Ancak geç fark ettiğim bir şey daha vardı: Oğuzname bir "nehir destan'dı. Özellikle sözlü / efsanevi tarih bölümü bir noktada bitmiyor, başka bir Oğuzname nüshasında kalınan noktadan devam ediyordu. Nehir destan, efsanevi devirlerden başlıyor, 18. yüzyılın sonlarına dek geliyordu. Oğuzname'nin diğer iki parçası da sabit değildi. Dede Korkut boyları iki yazma ile sabitleşmiş gibi görünüyordu ama boyların yansımaları 20. yüzyıla dek uzanıyordu.
Evet, üç parçayı da içinde barındıran en eski Oğuzname kayıptı ama üç parça ayrı ayrı elimizde bulunduğuna göre tamamen de kayıp sayılmazdı. Yapılacak iş üç parçayı birleştirmekti. Ben de bunu yaptım.

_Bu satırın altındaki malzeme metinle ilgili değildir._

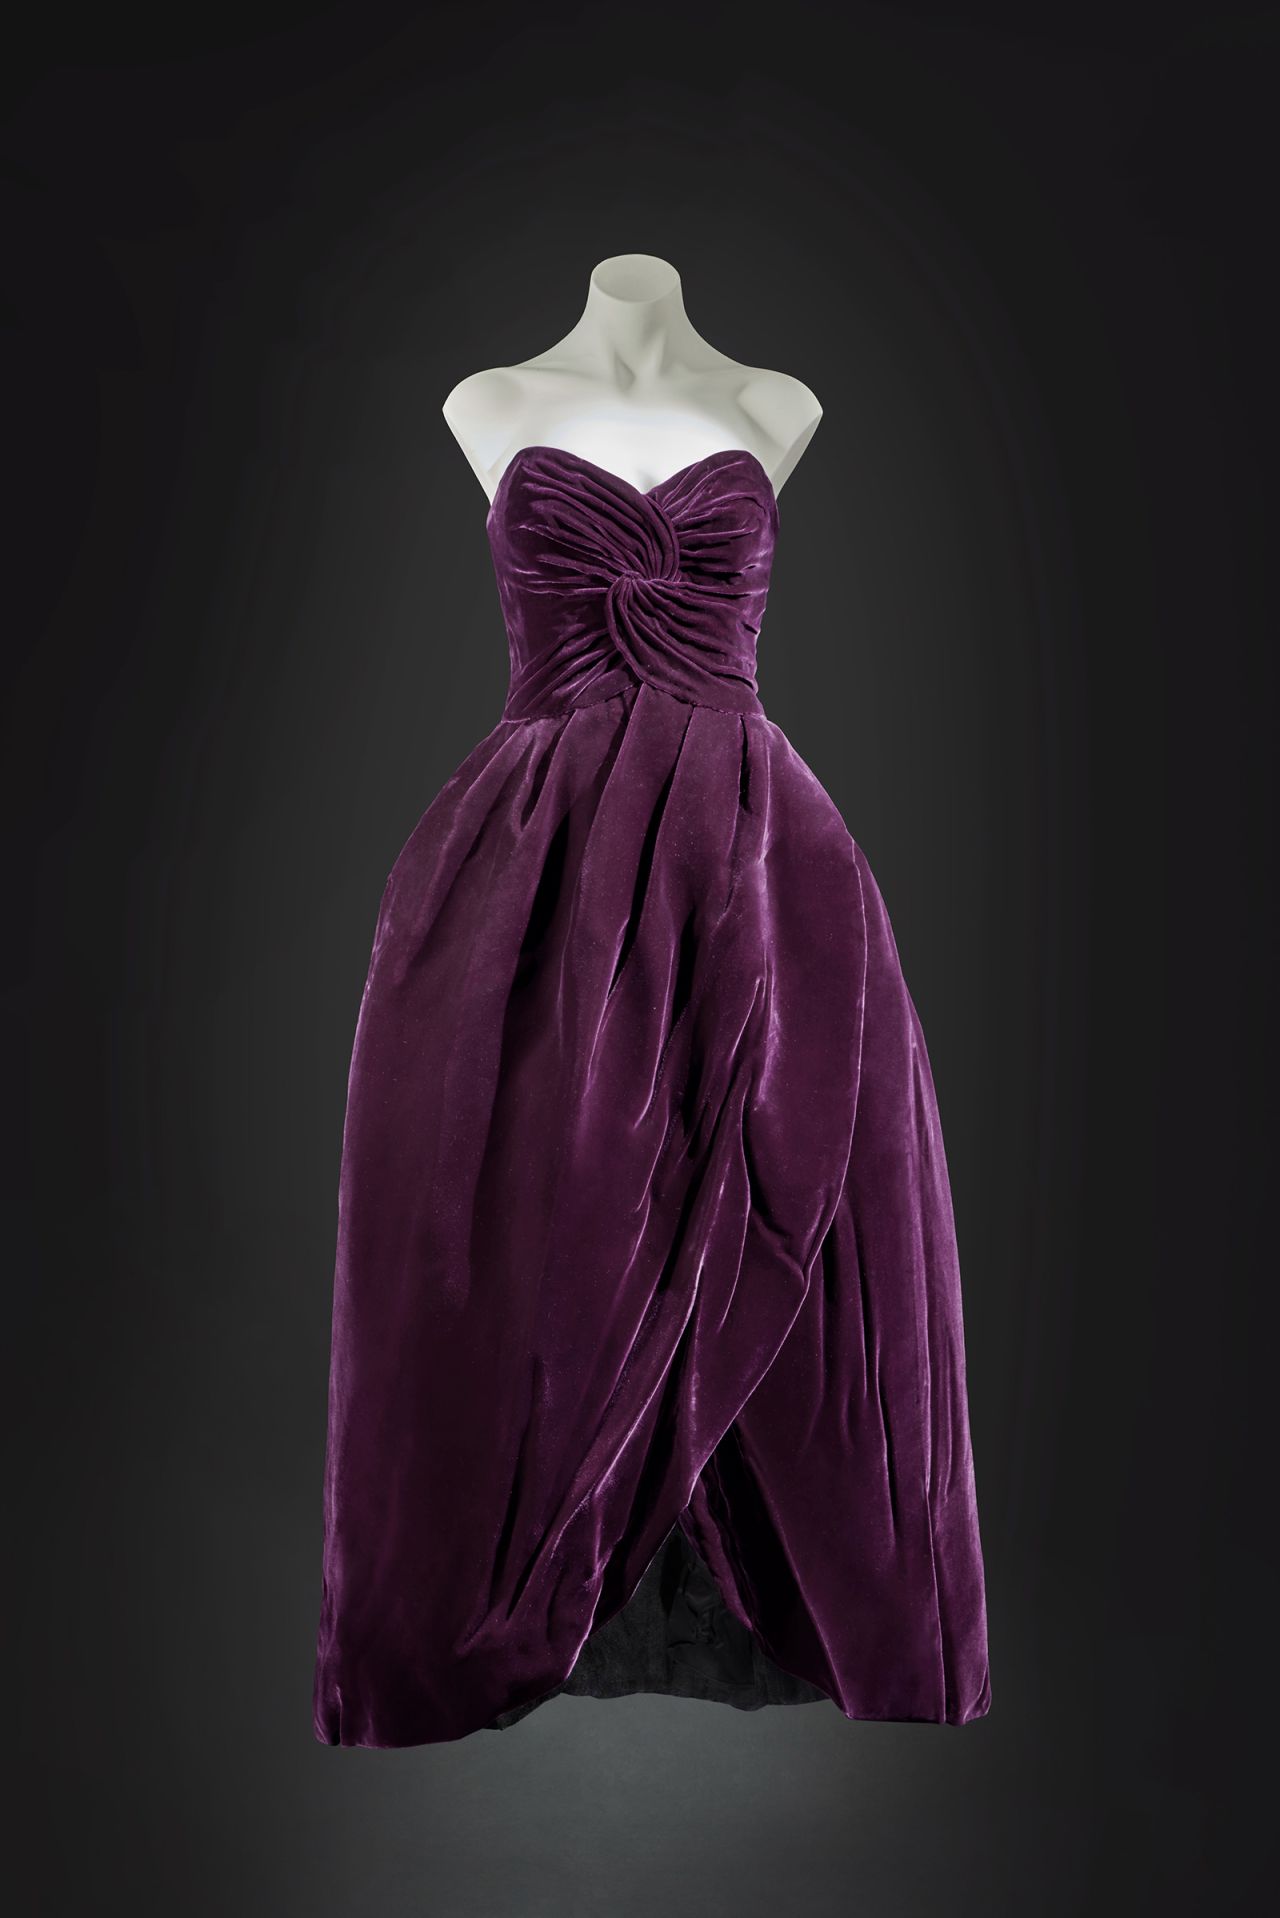 Princess Diana's aubergine velvet ballgown was up for sale for the first time in 25 years.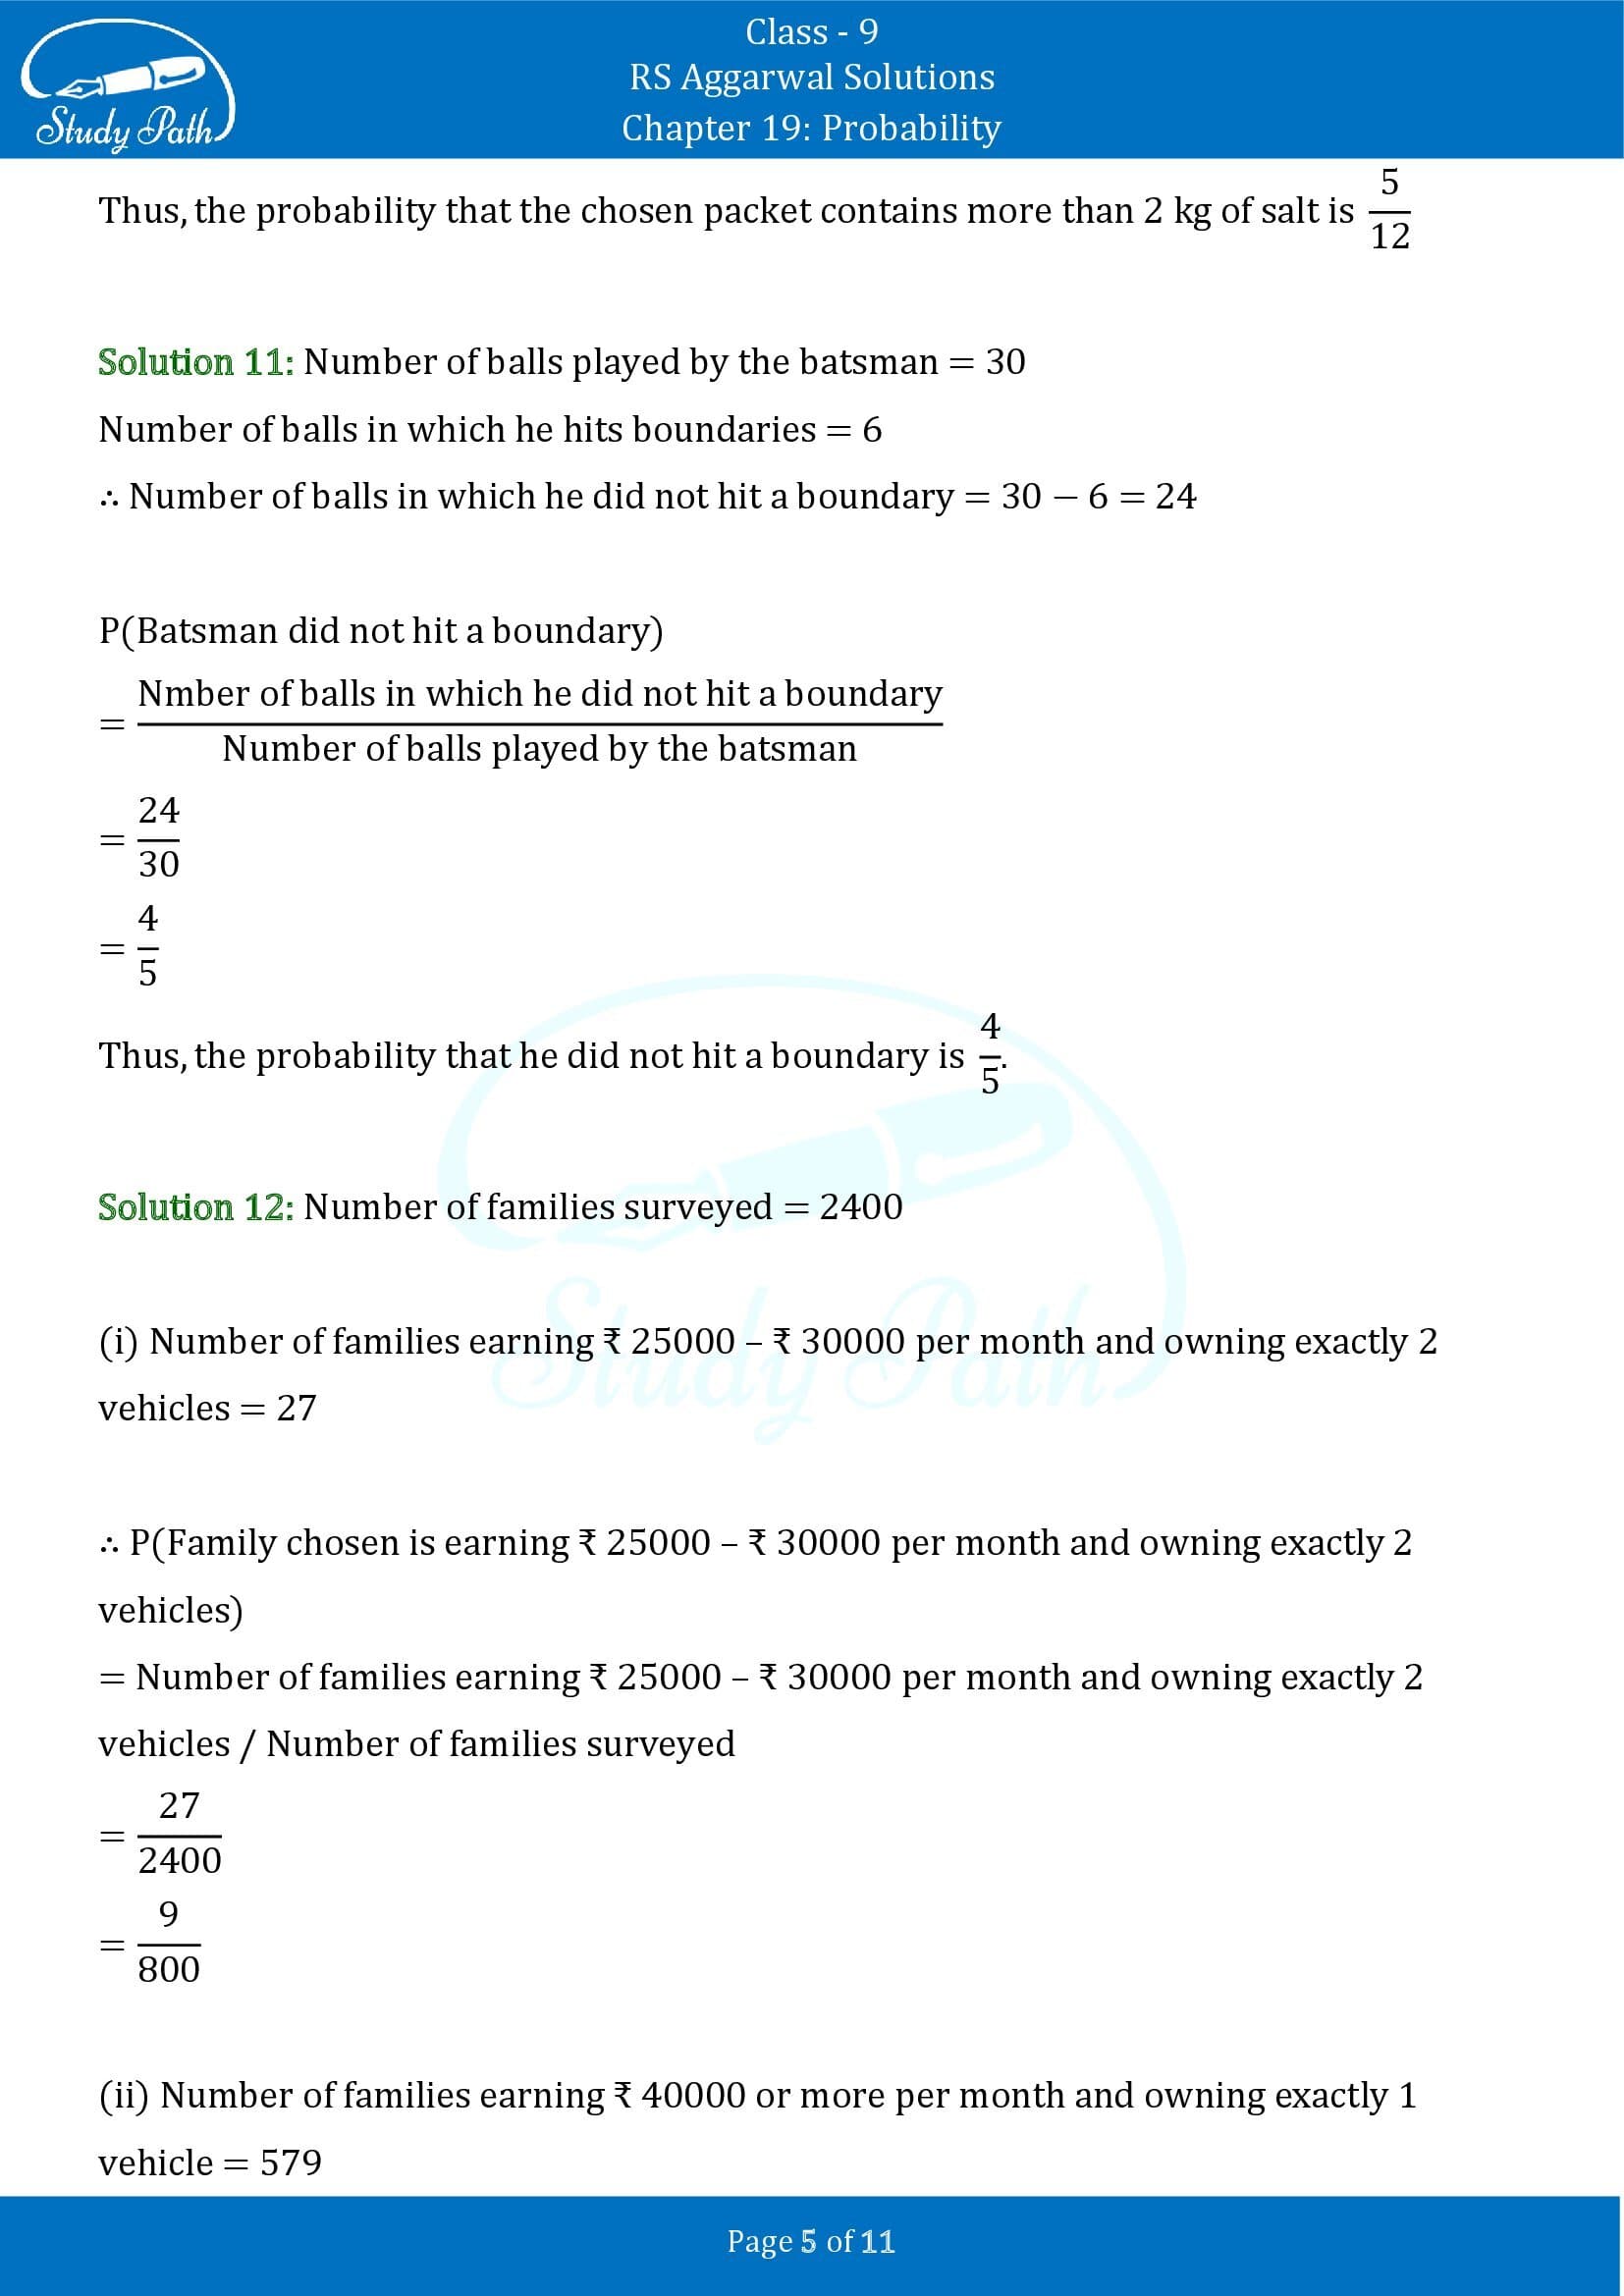 RS Aggarwal Solutions Class 9 Chapter 19 Probability Exercise 19 00005

Eserimizin adı bütün tarihî kayıtlarda "Oğuzname"dir, Ancak onun bir "nehir destan" olduğunu da vurgulamam gerekiyordu. Bunun için çalışmanın adını "Nehir Destan Oğuzname" koydum. Fakat bir yandan da en eski Oğuzname'nin saf Türkçe adı ne olabilirdi, diye düşündüm. Dîvânu Lügâti't-Türk'te "kitap, yazı, yazılı kâğıt, mektup" kavramları için kullanılan kelime "bitig" idi. Oğuzname kavramının özgün biçimini "Oğuz Bitig" olarak tasarlayıp "bitig"i kullanmayı uygun buldum.
Dergah Yayınları Tel:(0212) 518 95 79
***
Türkçe'nin Turan'ı ortak alfabe mi?
Prof. Dr. Okan Yeşilot, Doç. Dr. Özlem Deniz Yılmaz, Dr. Yeşim Çağlar, Dr. Bihter Gürışık Köksal, "Türk Dünyasında Ortak Alfabe / Uygulamalar, Arayışlar, Teklifler" adlı çalışmayla ortak alfabe konusunu masaya yatırıyor.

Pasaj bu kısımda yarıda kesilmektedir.